The Milky Way has inspired humans for centuries. But with light pollution making it more difficult to figure out where to go stargazing, more states are taking action to protect the future of their night skies.
Last month, Nevada’s Senate passed a bill recognizing the state’s “dark sky places,” where views of the galaxies draw thousands of visitors per year. If made law, Bill 52 will create a program to help locations navigate the process of earning a new state-level “dark sky” designation and in turn, support environmental conservation and the local economy.
The proposed program follows the footsteps of the International Dark-Sky Association (IDA), an Arizona-based organization that works to designate and protect dark skies around the world. The IDA’s mission is a considerable feat, considering light pollution is now increasing by over 2 percent each year—double the rate of population growth—but experts say the pandemic could be making the rest of us more invested in protecting our view of the stars, too.

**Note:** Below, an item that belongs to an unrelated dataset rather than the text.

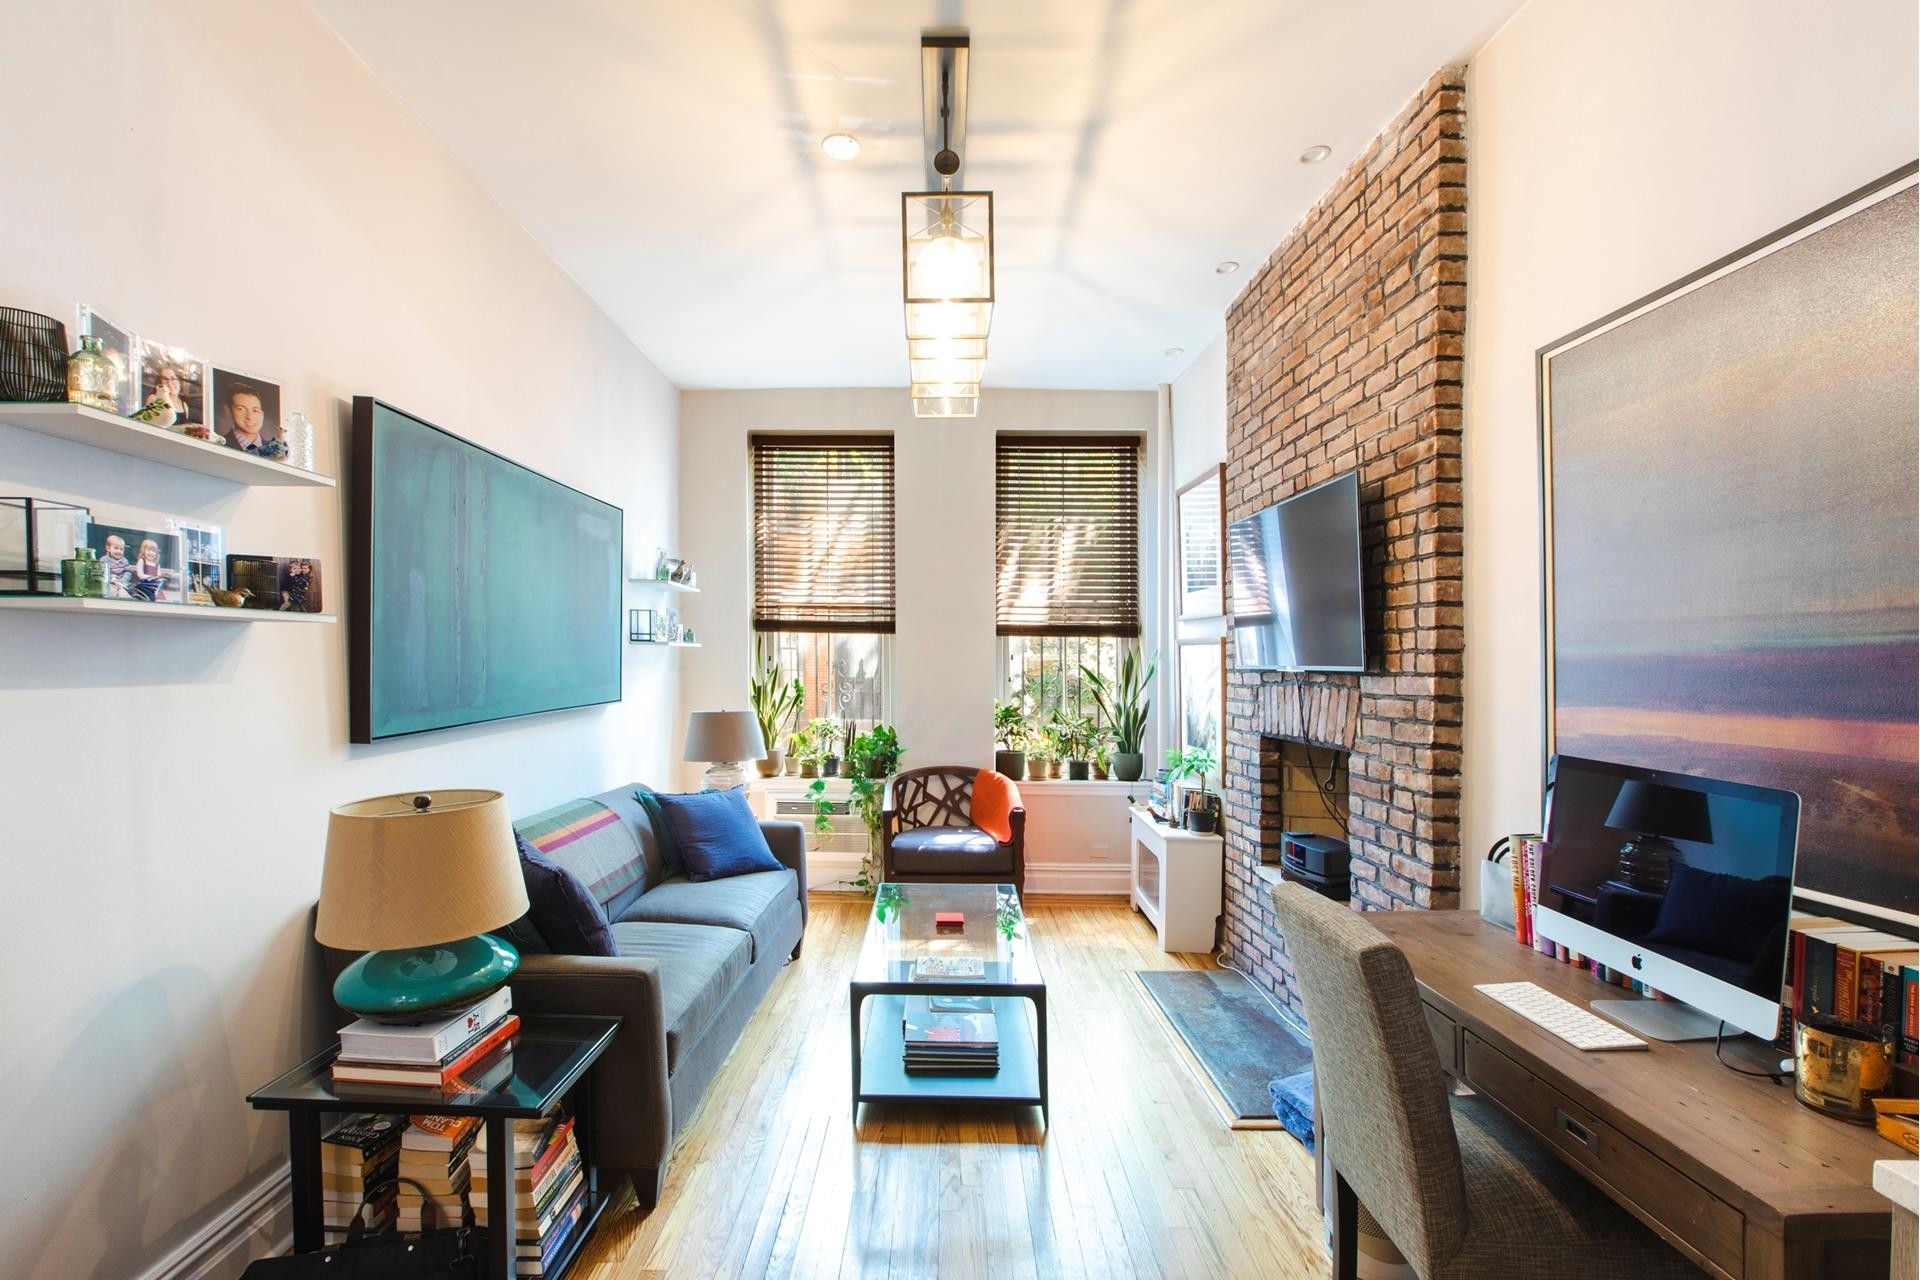 Property at 306 W 4TH ST, A3 West Village, New York, New York 10014

“In some places, it’s just dawning on people that if they go outside and look at the night sky, the stars are missing,” says John Barentine, director of public policy at IDA. “They’re discovering the phenomenon of light pollution, maybe for the first time.”
According to satellite data, 80 percent of North Americans can no longer see the Milky Way from where they live, which makes traveling to an internationally recognized dark sky place even more appealing. There are already two in Nevada: Great Basin National Park and the Massacre Rim Wilderness Study Area—both of which saw a spike in visitors after earning their IDA certifications. Meanwhile, seats on Nevada Northern Railway’s Star Train, which follows a nighttime route through Great Basin before stopping to allow passengers to view the planets through telescopes, are regularly sold out. The proposed legislation aims to expand on these options for travelers in Nevada.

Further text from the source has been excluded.